Rachmaninov was a master orchestrator, and though the Symphonic Dances started out as a work for two pianos the orchestra version never fails to bring the house down. The sweep of Jurowski's conducting draws out the dance element very effectively, and the noon-evening-midnight progression in atmosphere is brought home with great clarity in this recording. Only one fly (more of a gnat, really) in the ointment: I would have liked a bit more edge to the final dance with its death knell and "dies irae"-motive, though I freely admit the piece - the last Rachmaninov was to complete - probably wasn't composed in any heightened sense of mortality, as his fatal cancer illness wasn't diagnosed until two years later. In the dances Pletnev and his fine Russian National Orchestra traverse the obstacles with ease (if a tad lumbering) and to great effect, and his recording on DG may serve well for comparison with the present one. Pletnev has a superb feeling for Rachmaninov, and (on another disc, unfortunately) presides over one of the finest interpretations available of the much maligned first symphony, in my opinion the greatest of the three - four, if you include the "Youth" symphony from 1891. Bychkov and his Colone-based orchestra are also very fine indeed, and should rightly share the gold with Jurowski.

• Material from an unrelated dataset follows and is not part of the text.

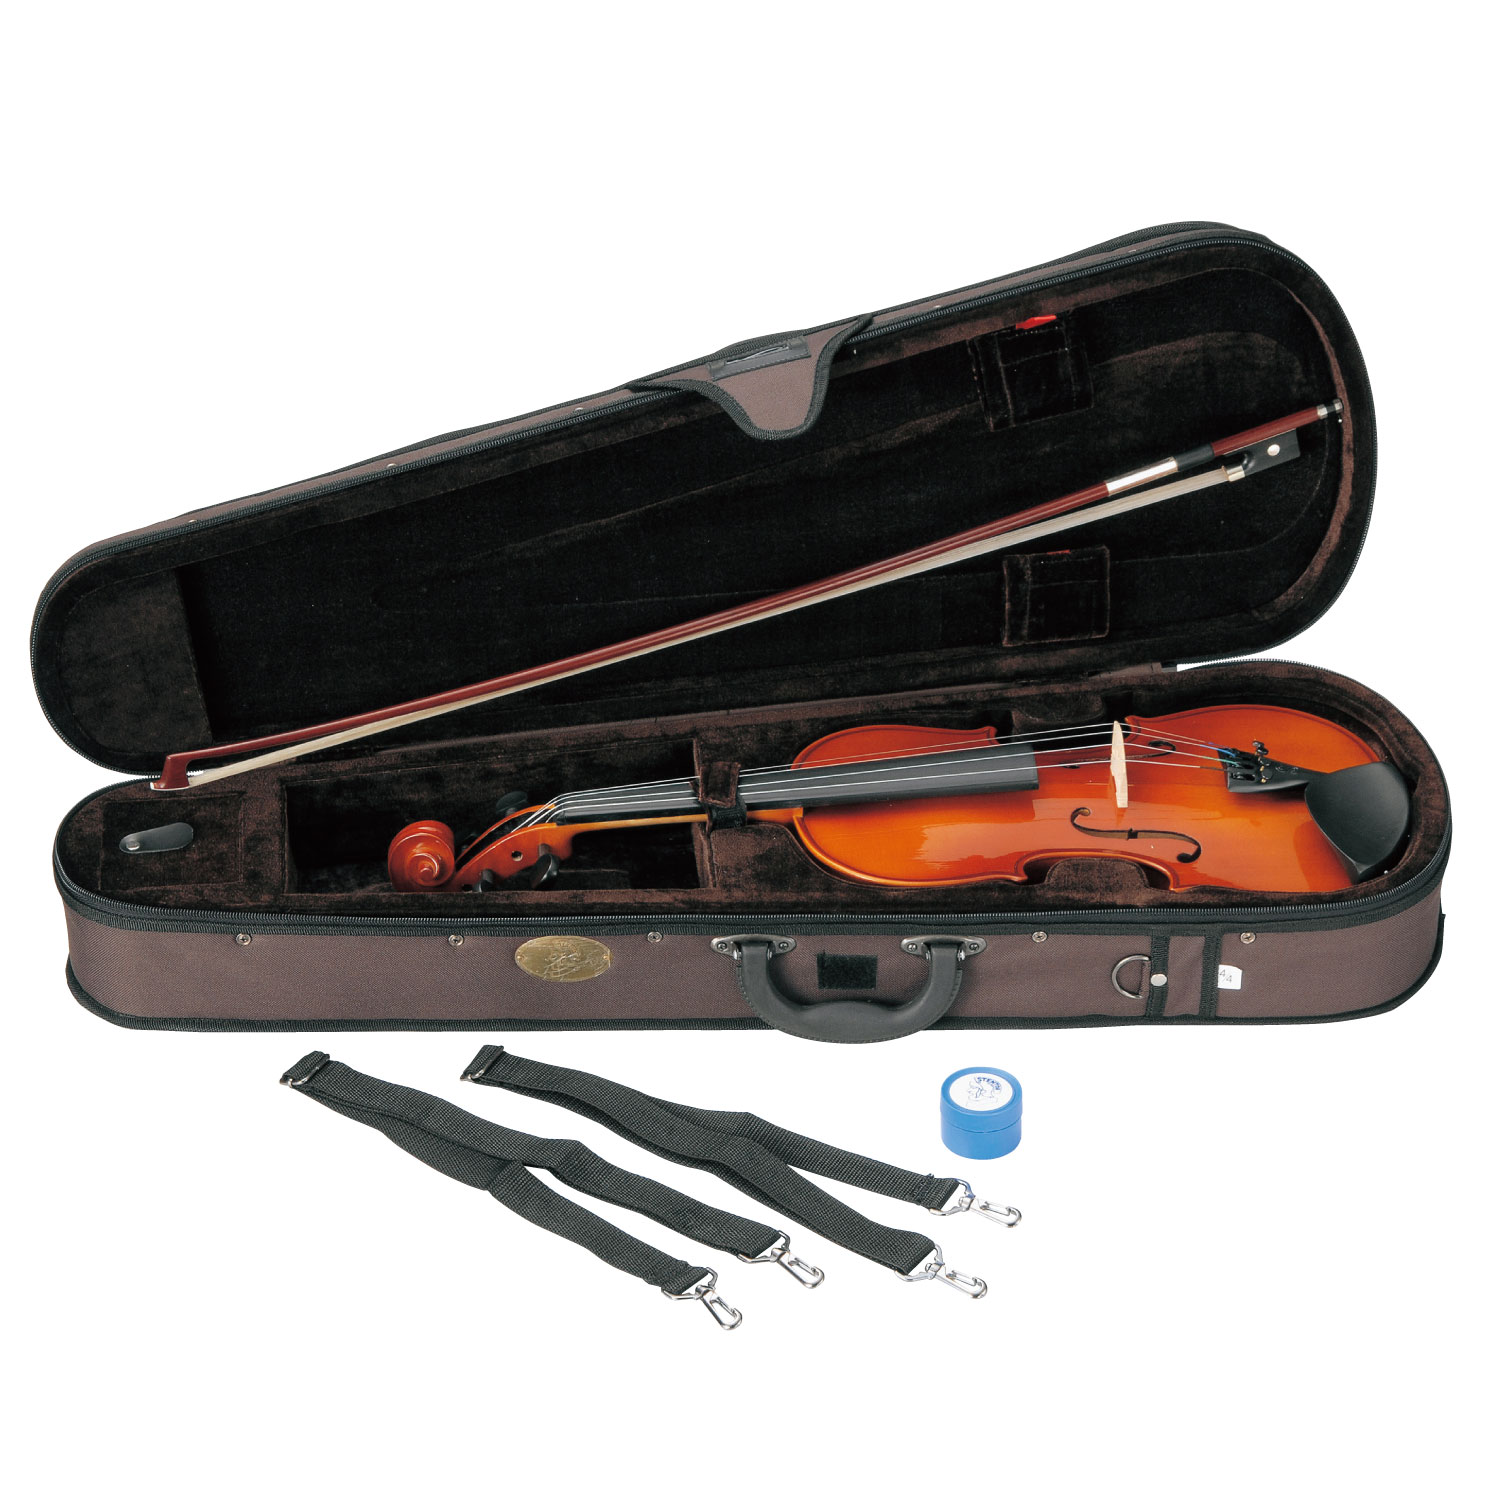 STENTOR バイオリンSV-120 1/10 (1018/H) Violin新品即納可能です
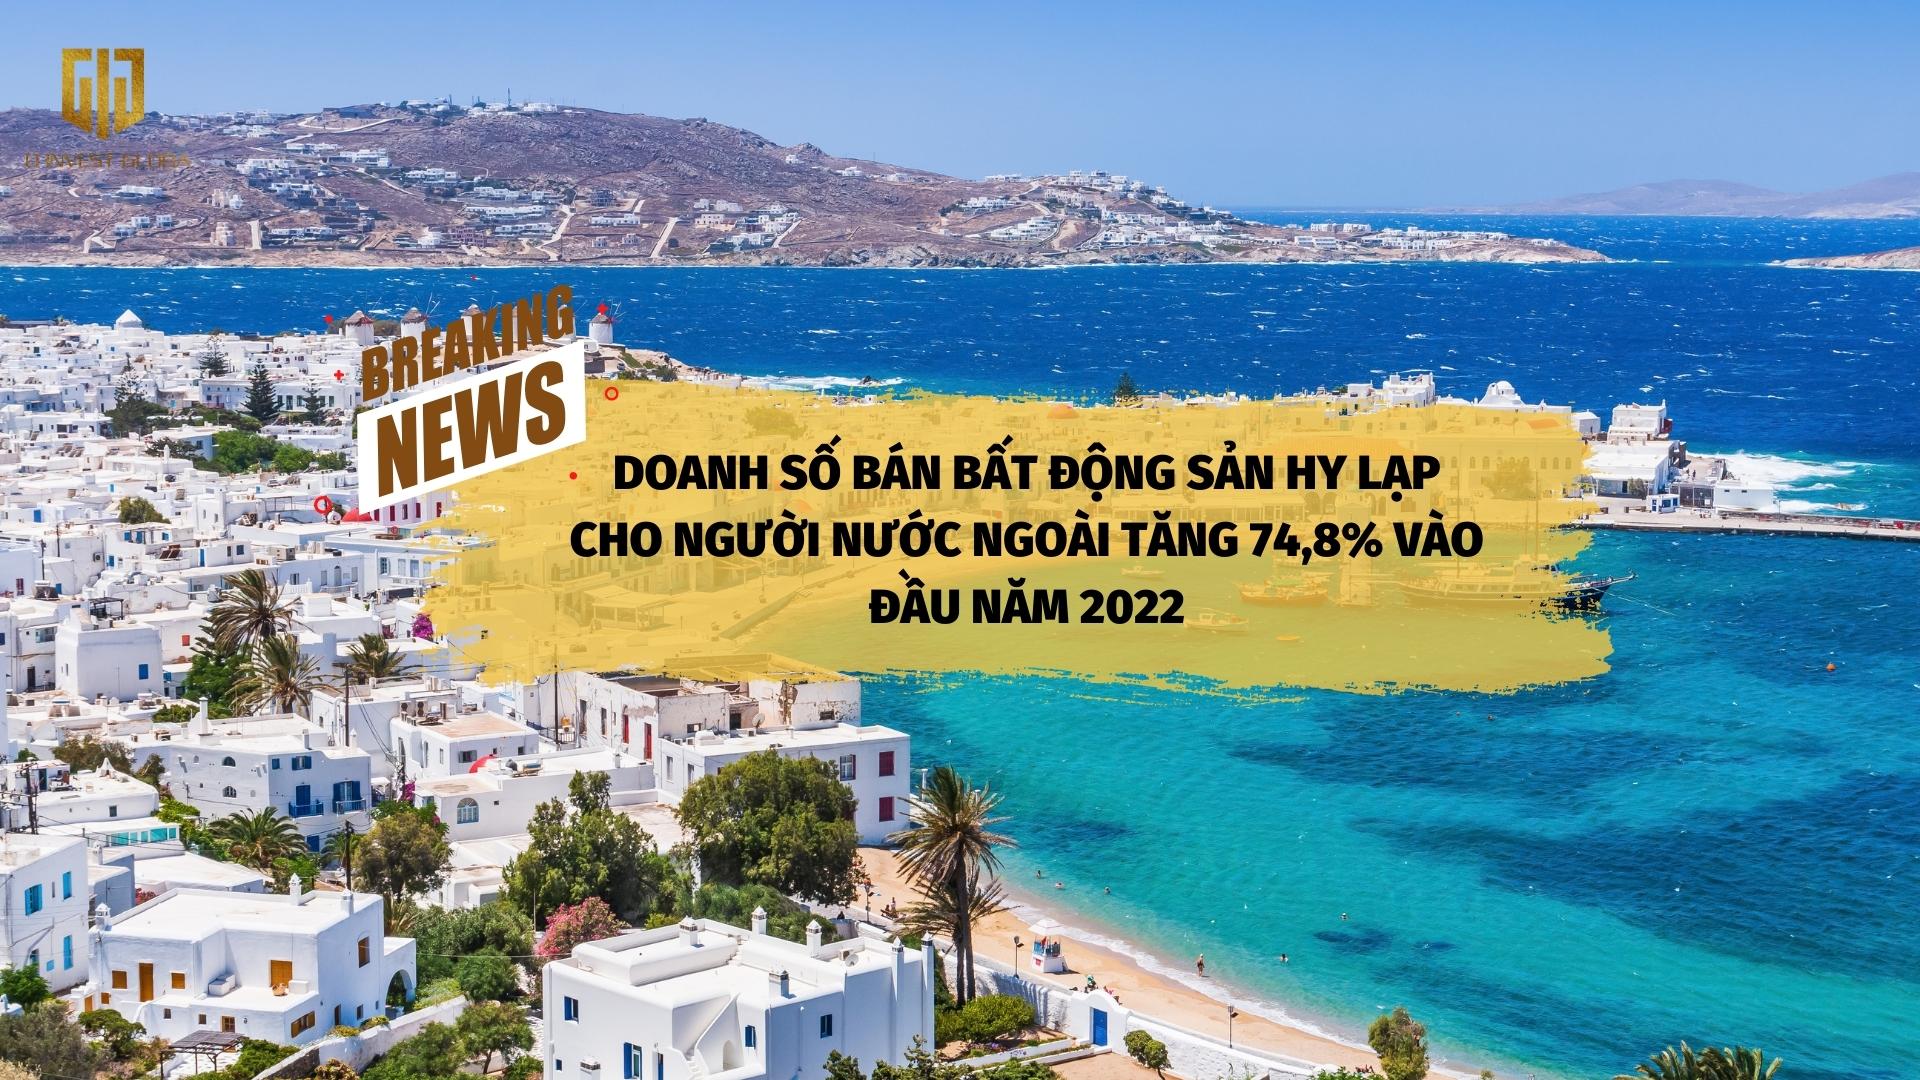 Doanh số bán bất động sản Hy Lạp cho người nước ngoài tăng 74,8% vào đầu năm 2022

Sad to say, I am not the proud owner of the equipment necessary to play the SACD layer of this disc, and as such I can't comment on its possible shortcommings. The ordinary CD-sound is fine and nicely detailed (especially for a live-recording), and I have to say I found the acoustics of the recording to be more than adequate. The dynamic breadth of the orchestra is in places positively impressive. I didn't notice the persistent coughing that seems to have driven one of my co-reviewers all but to despair. In my humble opinion one of the charms of a live recording is that you sense the presence of an audience, and if the sounds of their various pathologies threaten to trump the orchestra, blame should be laid squarely at the door of the recording engineers - though I do agree that bronchitis and symphony concerts generally don't go well together."